Sie haben unter der rechtschaffenen Schülerschaft und bei Lehrern und Eltern Empörung hervorgerufen und werden sich am Dienstag, dem 13.2.1979, um 18.15 Uhr dafür vor dem Disziplinarausschuß zu verantworten haben.
Ich werde den Antrag auf Erteilung einer Ordnungsmaßnahme gemäß § 39 Abs. 2c ASchO stellen. Nach Abs. 5 desselben Paragraphen können Sie zu Ihrer Verteidigung einen Schüler oder Lehrer Ihres Vertrauens beiziehen.
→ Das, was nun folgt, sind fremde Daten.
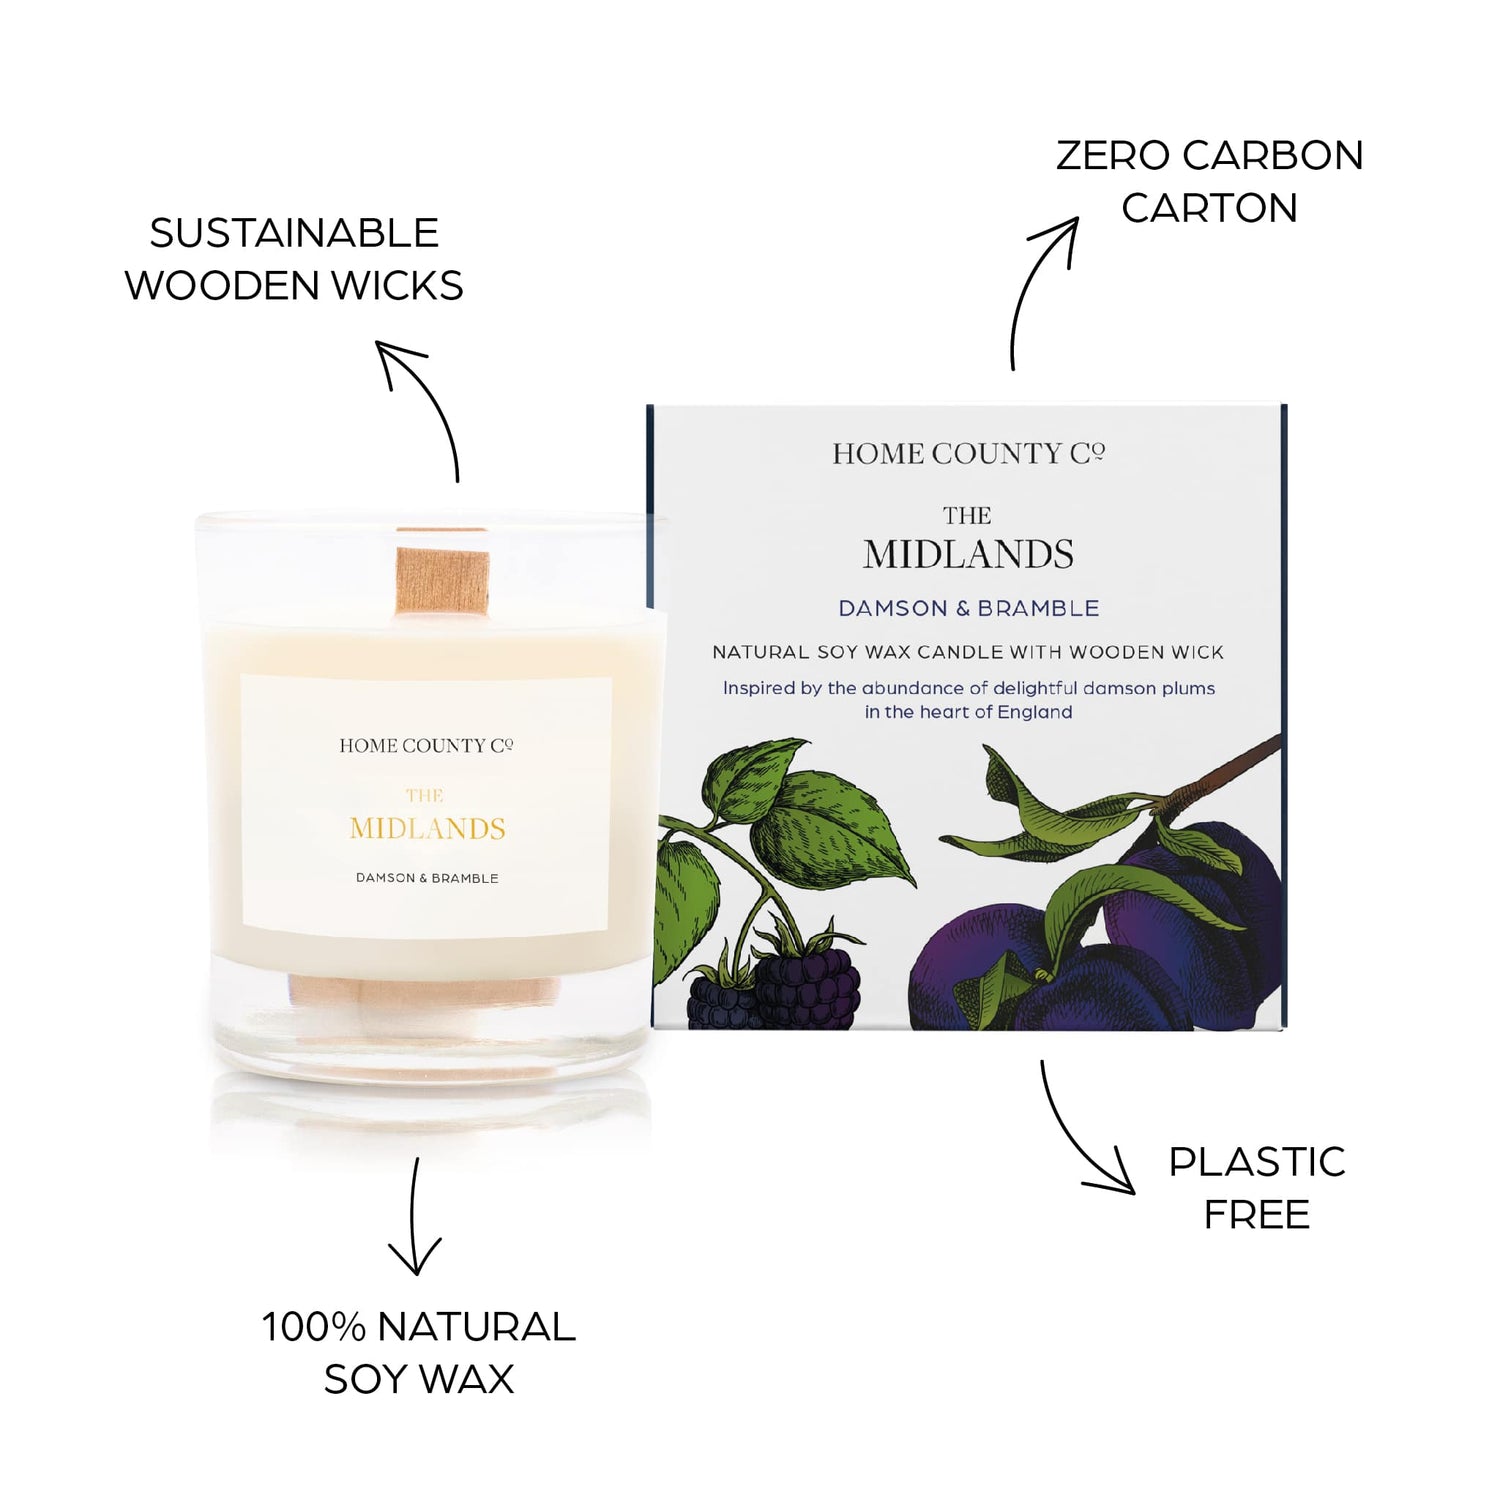 Sustainable candle credentials are shown around the plum scented candle image - sustainable wooden wicks, zero carbon carton, 100% natural soy wax, plastic free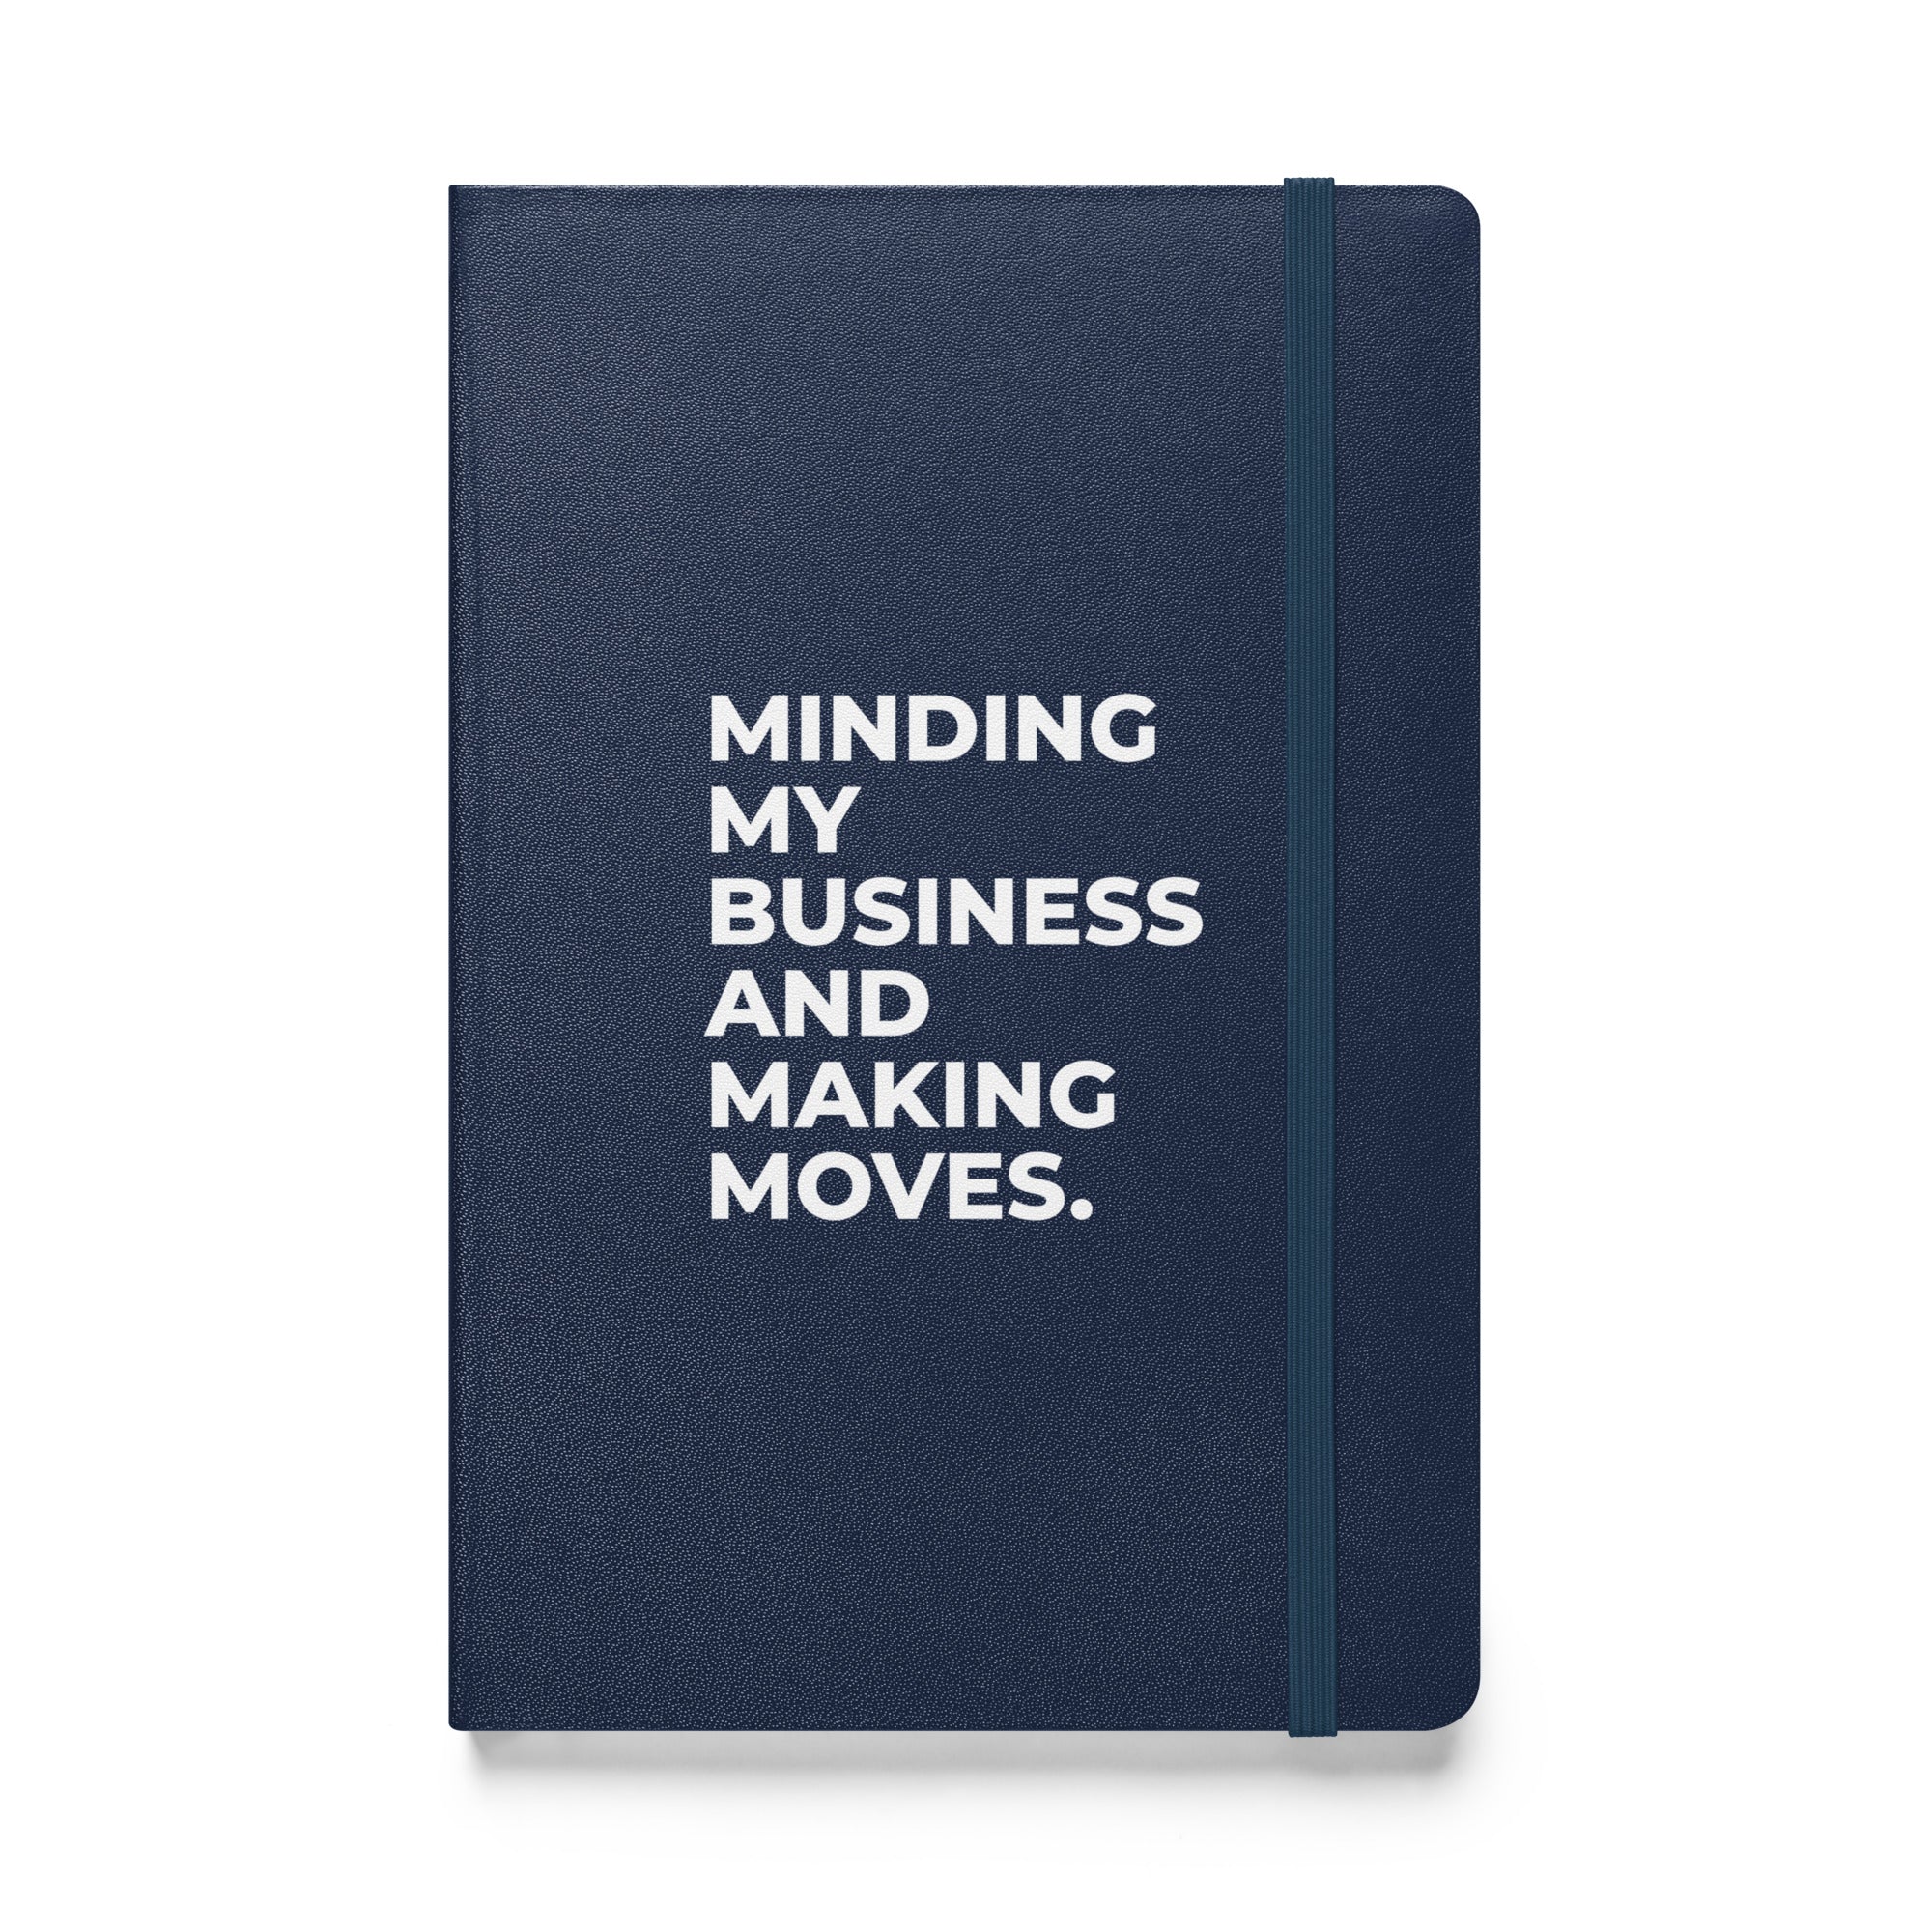 Minding My Business and Making Moves. Hardcover bound notebook - Nailah Renae

Sollte unter Ihrer Regie als Herausgeber des „Wiekurz“ eine weitere Nummer – wie angekündigt – vor dem Schulhaus verkauft werden, so rate ich Ihnen, vorher das Wittelsbacher-Gymnasium zu verlassen, damit Sie Ihre Zeitungen und sonstigen Drucksachen ungestört an den Mann bringen können. Als Schüler des Wittelsbacher-Gymnasiums verbiete ich es Ihnen.
Hochachtungsvoll
Weisenberger
Oberstudiendirektor
Nach dem „Wiekurz“ erschienen noch weitere Ausgaben unter den Einzeltiteln „Schierlingsbecher“, „Kafka Hauser“ und „Dauerlutscher“. Daraus erwuchsen danach die Publikationen „Outonom“ und „Die Provinz“.